The objective of land access regulations is to ensure orderly exploration for minerals while recognizing the rights of landowners to operate without unreasonable disturbance or disruption. Agriculture and mining are two important industries in New South Wales and share many common beliefs and interests. The ability to negotiate mutually acceptable land access agreements is an essential requirement for explorers to discover resources that can lead to new mines, new jobs and greater prosperity for Territorians, especially in remote regions and regions. Landowners cannot be forced by commodity companies to enter into an opt-out agreement. Opt-out agreements must be concluded using the approved opt-out agreement form. The resource company must provide the landowner with a copy of the opt-out information sheet (PDF, 223 KB) before the landowners sign the agreement. Landowners should seek legal advice before signing a withdrawal agreement. In the meantime, we recommend that mining and oil exploration licensees ensure that all “landowners”, including mortgagees, are informed of the proposed access arrangements. Landowners and explorers have clear legal rights regarding access to land for mineral exploration. without the prior written consent of all landowners. This has a significant impact on public order in terms of access to resources and may require amendments to the Mining Act. This guide covers the process of negotiating land access agreements for exploration activities. For more information, see the Queensland Land Access Guide (PDF, 1.8 MB).
Seek professional help to resolve your dispute – by .B. from your lawyer, accountant or land access consultant The implications of this decision are potentially very important for mineral and oil exploration licensees, as access agreements and arrangements are usually only made with registered landowners and mortgagees of the land are informed. Queensland`s Land Access Acts establish a process for negotiating conduct and compensation agreements (the “Legal Negotiation Process”). See the following table for the steps in the process. There are different binding requirements for each type of agreement – these are outlined in a guide to land access in Queensland (PDF, 1.8 MB). Hume Coal had argued before the Commissioner of Mines, and the Commissioner of Mines had accepted that the right to prospect conferred by an exploration licence does not include a right of access to the relevant lands and that, therefore, section 31 of the Mining Act does not prevent access to those lands even if there are “substantial improvements” in the lands. The Court rejected this argument. Rather, it followed the applicants` argument that the prospecting right conferred by the exploration permit must implicitly include a right of access by land, including by vehicle. Therefore, the restriction in section 31 of the Mining Act includes not only the conduct of physical exploration activities such as coring holes, but also land-based travel to areas where physical exploration activities must be carried out. Landowners may agree to postpone the conclusion of a conduct and compensation agreement until after access to the land (deferral agreement) or to withdraw from the negotiation of a conduct and compensation agreement (opt-out agreement). Clelands Lawyers has negotiated a number of MACAs between landowners and mining companies, including for the Prominent Hill mine operated by OzMinerals in the far north of South Australia and the central Eyre Iron project on the Eyre Peninsula.

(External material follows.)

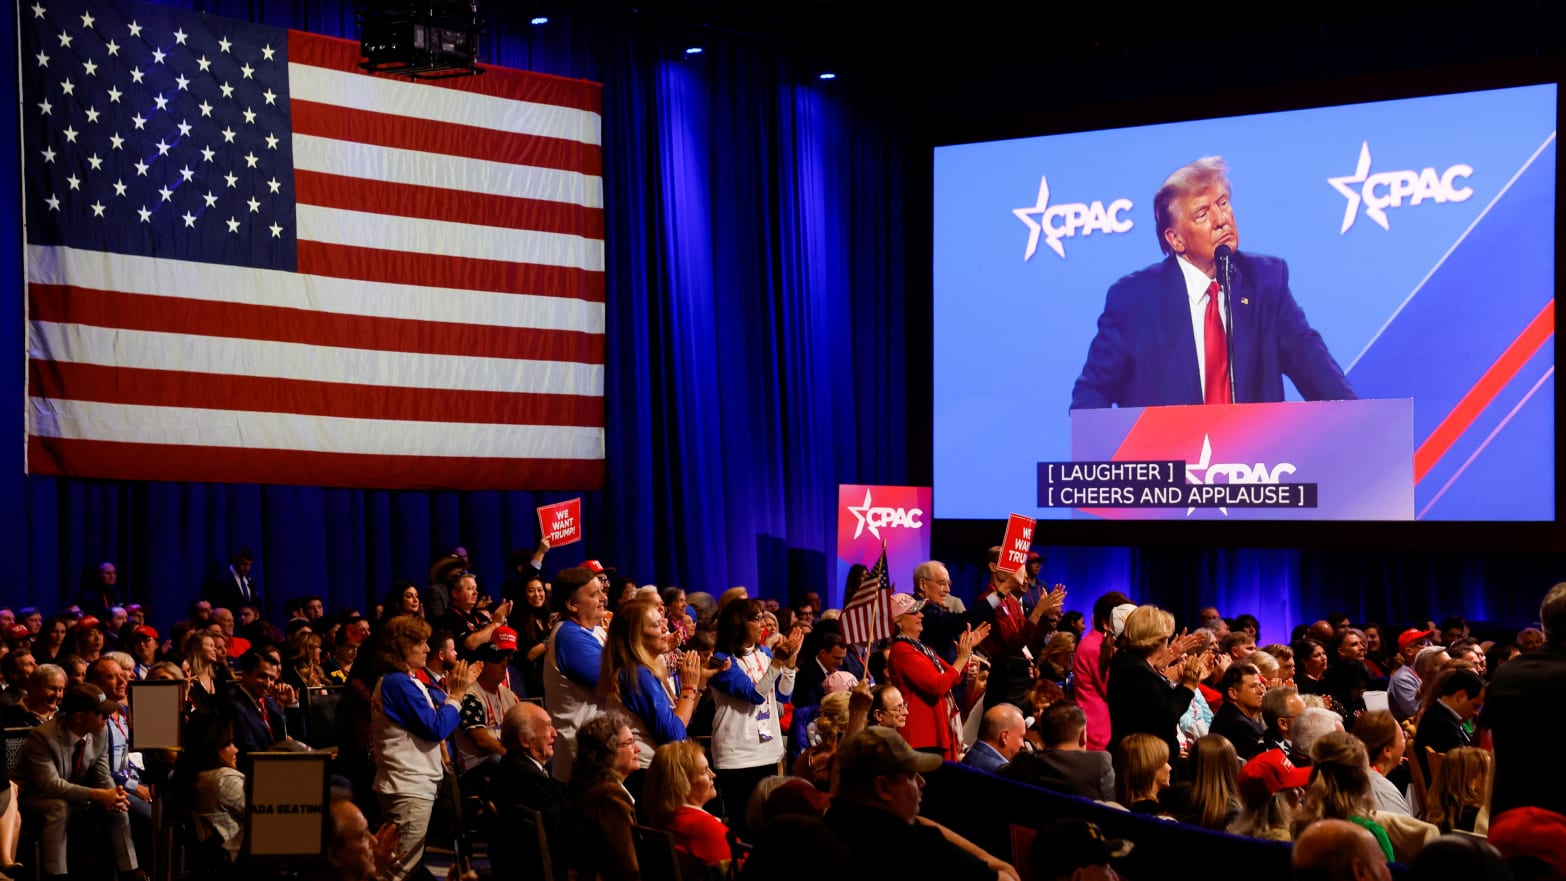 A monitor shows Donald Trump speaking at CPAC as supporters in the crowd cheer

If you have any questions about the planned rail corridor on the Eyre Peninsula, please contact us. This is a very specialized area of law and we are fortunate to have extensive experience in this area. All access regulations should be based on the understanding that explorers are “visitors” to private lands and on an appreciation of the needs and rights of mineral explorers by landowners. Negotiated access agreements should not be affected, as they typically involve broad consent from the landowner to conduct activities on land that can be a “significant improvement.” We have created a guide to help a landowner and explorer agree on access to private land for exploration activities. It includes a checklist for landowners and explorers on how to conclude the agreement. Before an explorer can access your country, you must give your consent. In Martin & Ors v. Hume Coal Pty Ltd,2 the Commissioner of Mines found that none of the land, works or works at issue had been covered by the magnitude of a “substantial improvement”. The Commissioner of Mines also noted that a right of access to vehicles on land was not a right granted under an exploration permit and therefore had not considered whether roads and driveways were significant improvements for the country. In considering the scope of a “substantial improvement,” the Commissioner of Mines decided that pastures and alfalfa, the merry-go-round and irrigation pipes under the cattle tracks did not represent significant improvements. The Commissioner of Mines also noted that section 31 of the Mining Act did not apply to fences erected after the date on which Hume Coal terminated under section 142 of the Mining Act and therefore did not decide whether fences erected prior to the notice constituted “substantial improvements”. Following a recent decision of the Supreme Court of New South Wales, holders of mining and oil exploration licences should verify that they have properly informed mortgage creditors of access agreements to mineral and oil exploration […].